Las actuaciones que no consistan en escritos y documentos se documentan mediante actas y diligencias, conforme al artículo 146 LEC. Cuando se utilicen medios técnicos de grabación o reproducción, estos deben garantizar la autenticidad, integridad e inalterabilidad de lo grabado. El Letrado de la Administración de Justicia debe velar por el uso adecuado de esos medios y utilizar firma electrónica u otro sistema de seguridad previsto legalmente.
En las vistas, audiencias y comparecencias celebradas ante jueces, magistrados o Letrados de la Administración de Justicia, la regla actual es la grabación en soporte apto para reproducir imagen y sonido, según el artículo 147 LEC. Si existen medios tecnológicos que garanticen autenticidad e integridad, la grabación documenta el acto y se incorpora al expediente judicial electrónico. La ley excluye la transcripción de las actuaciones orales grabadas, salvo en los casos en que una norma lo prevea expresamente.
El artículo 148 LEC completa estas reglas al atribuir al Letrado de la Administración de Justicia la responsabilidad sobre la formación, conservación y custodia de los autos, incluido el expediente judicial electrónico, salvo durante el tiempo en que se encuentren en poder del juez, magistrado ponente u otros magistrados integrantes del tribunal.
La utilización de medios técnicos y telemáticos forma parte de la forma actual de muchos actos procesales. La LOPJ, en su artículo 230, obliga a juzgados, tribunales y fiscalías a utilizar los medios técnicos, electrónicos, informáticos y telemáticos puestos a su disposición, con respeto a las garantías procesales y a la normativa de protección de datos. Los documentos emitidos por esos medios tienen validez y eficacia de documento original si queda garantizada su autenticidad e integridad y se cumplen los requisitos procesales.
En la misma línea, la LEC regula las actuaciones por videoconferencia en el artículo 137 bis. La solicitud de uso de videoconferencia debe formularse con antelación suficiente y, en todo caso, 10 días antes del señalado para la actuación, conforme al artículo 137 bis.5 LEC. Estas actuaciones deben documentarse conforme a las reglas de grabación y deben respetar la publicidad cuando el acto sea público. Además, deben garantizarse la identificación de los intervinientes, la accesibilidad universal, la posibilidad de contradicción, la defensa y las condiciones adecuadas de intervención. La videoconferencia no suprime las garantías formales del acto; las traslada a un entorno técnico que debe permitir cumplirlas.

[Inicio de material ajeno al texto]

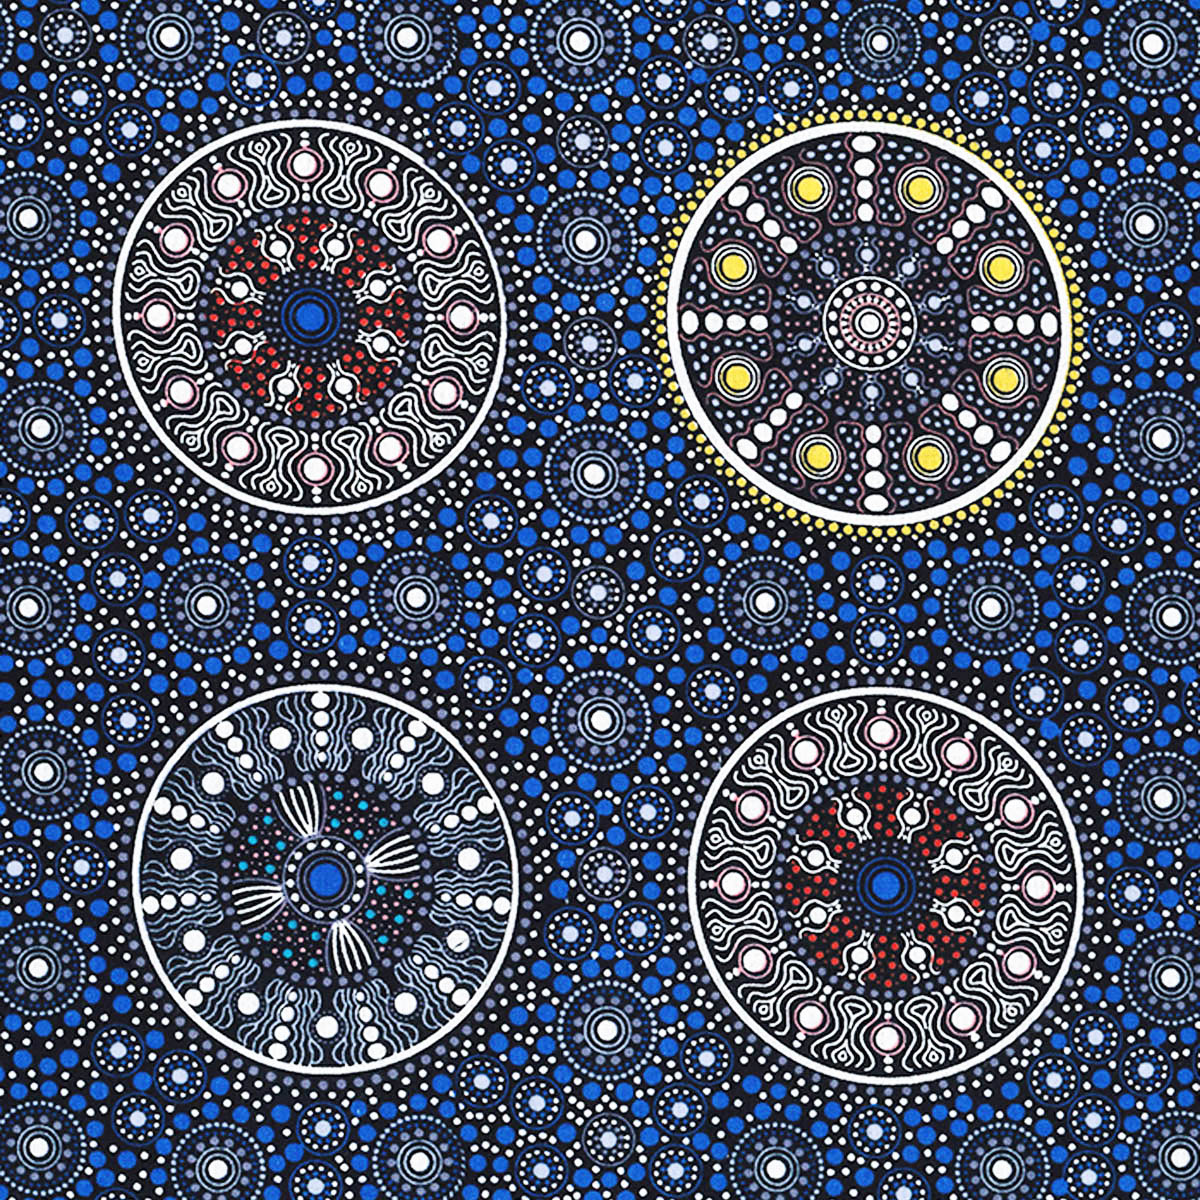 WILDFLOWERS AFTER RAIN BLUE by Aboriginal Artist LETISHA DOOLAN

En síntesis, la forma de los actos procesales comprende varias garantías conectadas entre sí: oralidad cuando proceda, inmediación, publicidad, documentación, fe pública judicial, uso correcto de medios tecnológicos y respeto a la lengua oficial. Estas reglas permiten comprobar que el acto se ha realizado ante quien correspondía, con intervención de quienes debían participar, en una lengua comprensible, con constancia fiable y sin causar indefensión.